REPUBLIKA.CO.ID, MADINAH -- Dalam buku Tokoh-Tokoh Besar Islam Sepanjang Sejarah, disebutkan ada tiga orang sahabat yang berasal dari kalangan non-Arab. Mereka adalah Suhaib Ar Rumi, Bilal bin Rabah, dan Salman Al Farisi.
Tentang ketiga sahabat ini, Nabi SAW pernah mengatakan, ''Aku adalah sabiq (orang yang paling dahulu masuk Islam dari) bangsa Arab, Shuhaib adalah sabiq bangsa Romawi, Salman adalah sabiq bangsa Persia, dan Bilal adalah sabiq bangsa Habasyah.''
Republika.co.id pada kesempatan ini menurunkan kisah tentang Suhaib Ar Rumi.
Sekitar 20 tahun sebelum Muhammad bin Abdullah mendapatkan wahyu, sekitar abad pertengahan keenam Masehi, seorang Arab bernama Sinan bin Malik memerintah kota al Buallah atas nama Kaisar Persia Khosrow II. Kota ini sekarang menjadi bagian dari Basrah, terletak di tepi Sungai Efrat.
Sinan tinggal di sebuah istana mewah di tepian sungai. Dia memiliki beberapa anak dan anak yang paling disayanginya berusia lima tahun. Dia adalah Suhaib. Berambut pirang dan berkulit gelap.
Dia dikenal aktif dan selalu menyenangkan ayahnya. Satu hari ibu Suhaib membawanya dan anggota keluarga lainnya piknik di sebuah desa bernama ath -Thani. Namun hari yang semestinya dilalui dengan santai dan menyenangkan menjadi pengalaman mengerikan yang mengubah jalan hidup Suhaib muda selamanya.

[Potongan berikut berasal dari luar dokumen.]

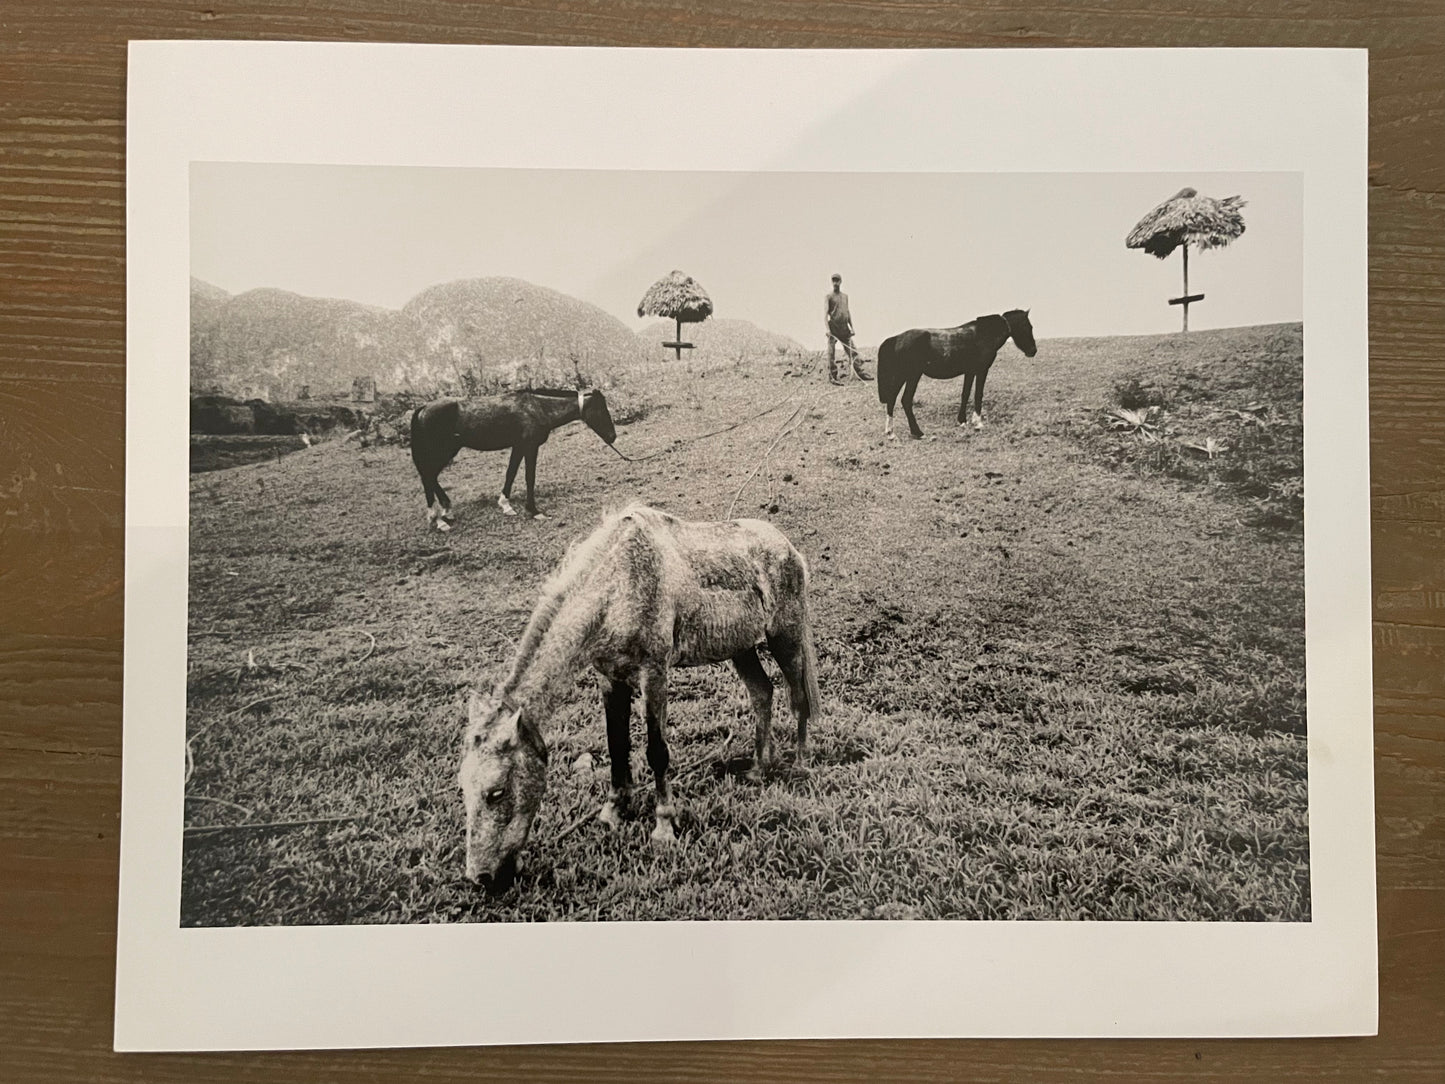 Susan S. Bank (American, 20th c.) Cuba Photograph Print Campo 8x10 three horses

Hari itu, Desa Ath-Thani diserang, oleh seorang tentara Bizantium dan merampok desa tersebut. Para penjaga yang menyertai pesta piknik itu tak mampu melawannya dan terbunuh. Barang-barang mereka disita dan mereka yang hidup dipenjara, di antaranya adalah Suhaib bin Sinan.

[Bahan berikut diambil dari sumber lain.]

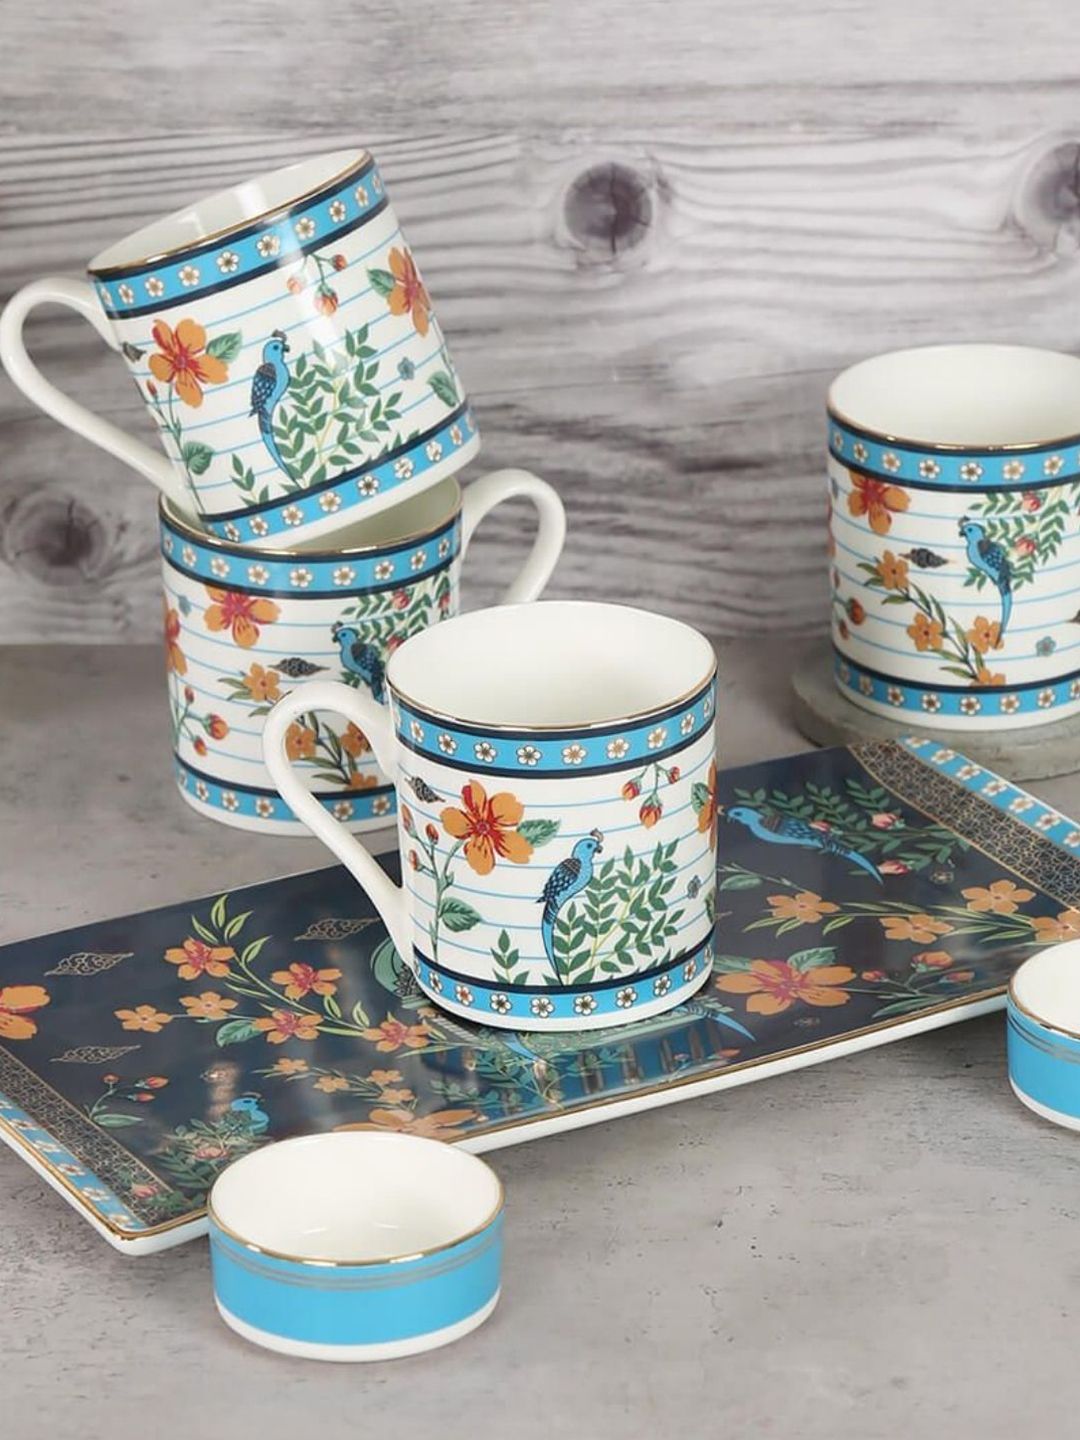 India Circus Blue & Orange Floral Printed Set of 7 Ceramic Glossy Mug, Tray and Bowl Price in India

Suhaib dibawa ke salah satu pasar budak Kekaisaran Bizantium, ibu kota Konstantinopel untuk dijual. Setelah itu ia berpindah dari tangan majikan ke yang lain. Nasibnya tidak berbeda dengan ribuan budak lainnya yang memenuhi rumah, istana dan kastil penguasa Bizantium dan bangsawan.
Suhaib menghabiskan masa kecilnya dan masa mudanya sebagai budak. Selama sekitar dua puluh tahun dia tinggal di tanah Bizantium.
Ini memberinya kesempatan untuk mendapatkan pengetahuan dan pemahaman langka tentang Bizantium dan masyarakatnya. Dari istana, dia melihat sendiri adanya ketidakadilan dan korupsi di Bizantium. Dia membenci masyarakat itu dan kemudian akan berkata kepada dirinya sendiri:
"Masyarakat seperti ini hanya bisa dimurnikan dengan banjir besar."
Suhaib tentu saja tumbuh dengan bahasa Yunani, bahasa Kekaisaran Bizantium. Dia praktis melupakan bahasa Arab. Tapi dia tidak pernah lupa bahwa dia adalah anak gurun. Dia merindukan hari ketika dia bebas bersama dengan masyarakat di daerahnya.
Suhaib mencari kesempatan untuk meloloskan diri dari perbudakan dan langsung menuju Makkah yang merupakan tempat berlindung untuk mencari suaka.
Di sana orang memanggilnya Suhaib "ar-Rumi" atau " orang Bizantium" karena ucapannya yang sangat berat dan rambutnya yang pirang. Dia menjadi halif salah satu aristokrat Makkah, Abdullah bin Judan. Dia terlibat dalam perdagangan. Bahkan, dia menjadi kaya raya.